I think your biggest problem is not stance nor setback... most beginners use the stance 15 / 0 and learn fine. Your biggest problem may be your weight distribution. I think you may be putting too much weight on your back foot.


----------



## apintojr (Jan 10, 2008)

i had that same issue when i first started. my friend set up my board with a 15/0 stance. i couldnt do anything with it. i moved my stance to 15/6 and its so much better. i know people say its easier to learn with 0 but i found that to unconfortable.


----------



## Guest (Jan 28, 2008)

JiveTalkinRobot said:


> I think your biggest problem is not stance nor setback... most beginners use the stance 15 / 0 and learn fine. Your biggest problem may be your weight distribution. I think you may be putting too much weight on your back foot.


So, basically just lean my weigh forward when transitioning the turns? That seems so simple and I never thought about it. I tend to lay back and rest on my back leg a lot, and sometimes I get too laxidasical when I do so and I catch an edge and tumble.

Apinto, I will try and move the bindings forward next time I ride just to see if it feels more comfortable.


----------



## Guest (Jan 28, 2008)

Yep, think about it this way. Hopefully you play some sports or this may not sound familiar. I'll use basketball: Think about the pivot foot you put your weight on your pivot foot and then the other foot is free to move around. 

Same with snowboarding..it will feel a bit awkward at first because you are putting your weight down the mountain and will be afraid of flipping forward (please dont put THAT much weight on your front leg).

Over time you will get used to it and your weight distribution will be nearly 50/50 or 55/45.

Hopefully this helps.


----------



## AAA (Feb 2, 2008)

For learning to link turns, you'll want to have about 65% of your weight on your front foot. Nose forward, and as your board begins to point down the fall line (don't panic when you feel a slight rush of acceleration), kick your back foot out on its uphill edge. 
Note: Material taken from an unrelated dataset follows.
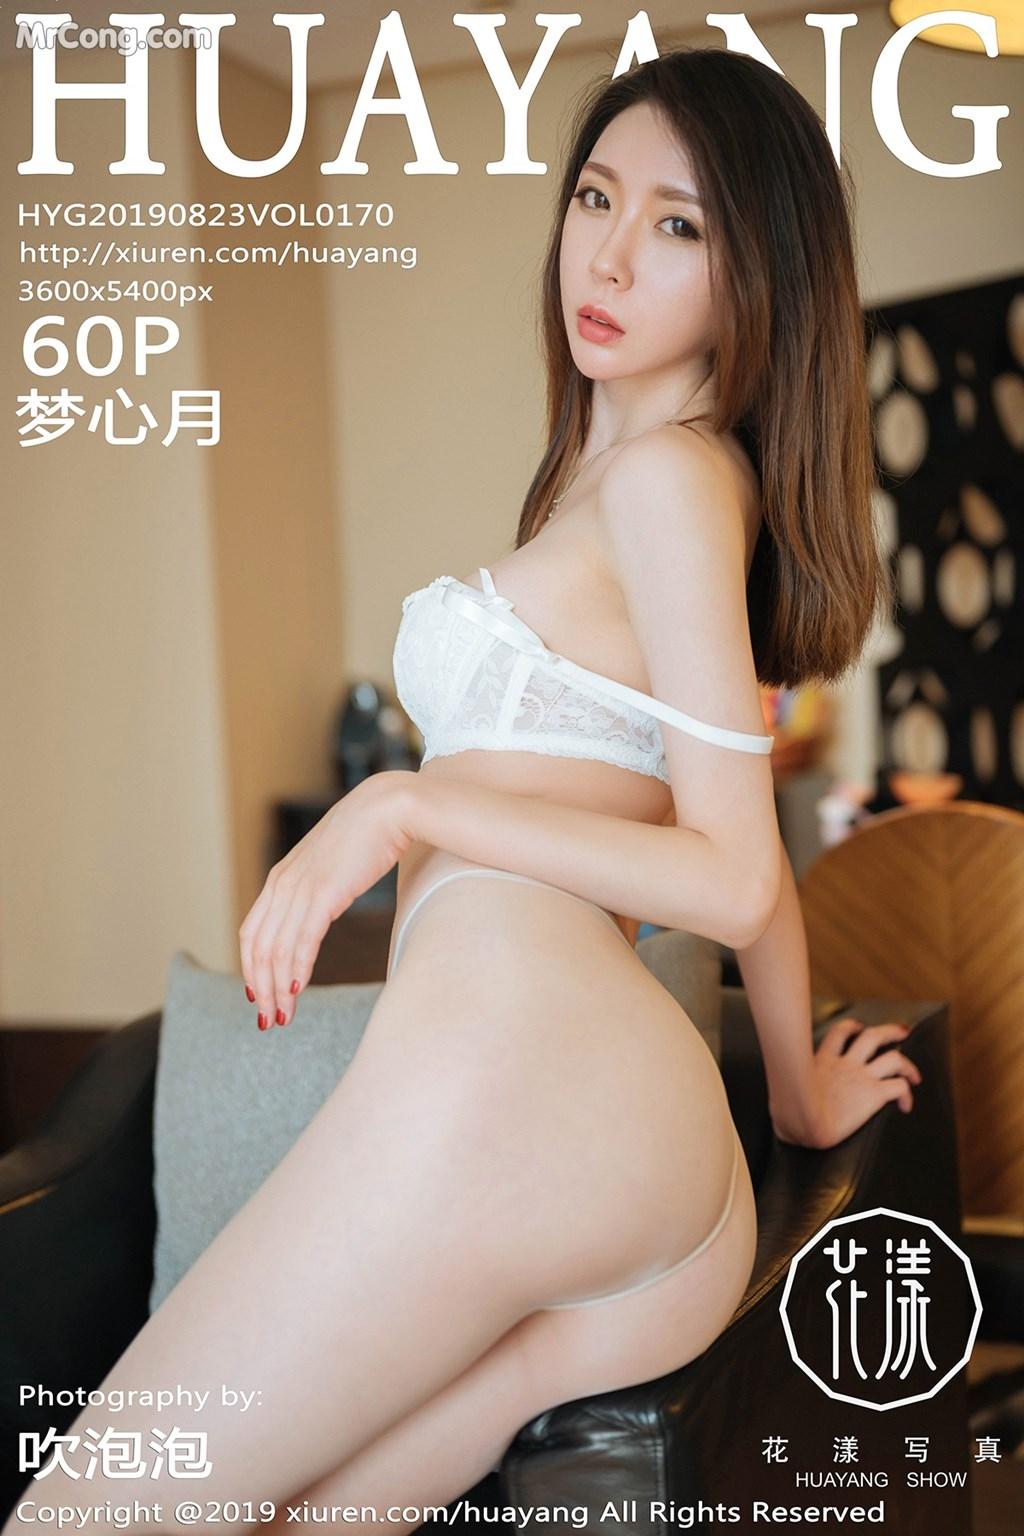 Image HuaYang-Vol.170-Meng-Xin-Yue-MrCong.com-061 in post HuaYang Vol.170: Meng Xin Yue (梦心月) (61 ảnh)

For carving, there is no kicking your foot out or skidding, and you need some degree of speed. Carving, essentially, involves pressuring the board into reverse camber and riding the edge as if it were a linear track. As you complete one carve, you initiate a direction change with a weight shift to your downhill edge. The transition from one edge to the other is seemless and a graceful trenched arc is left in the snow.


----------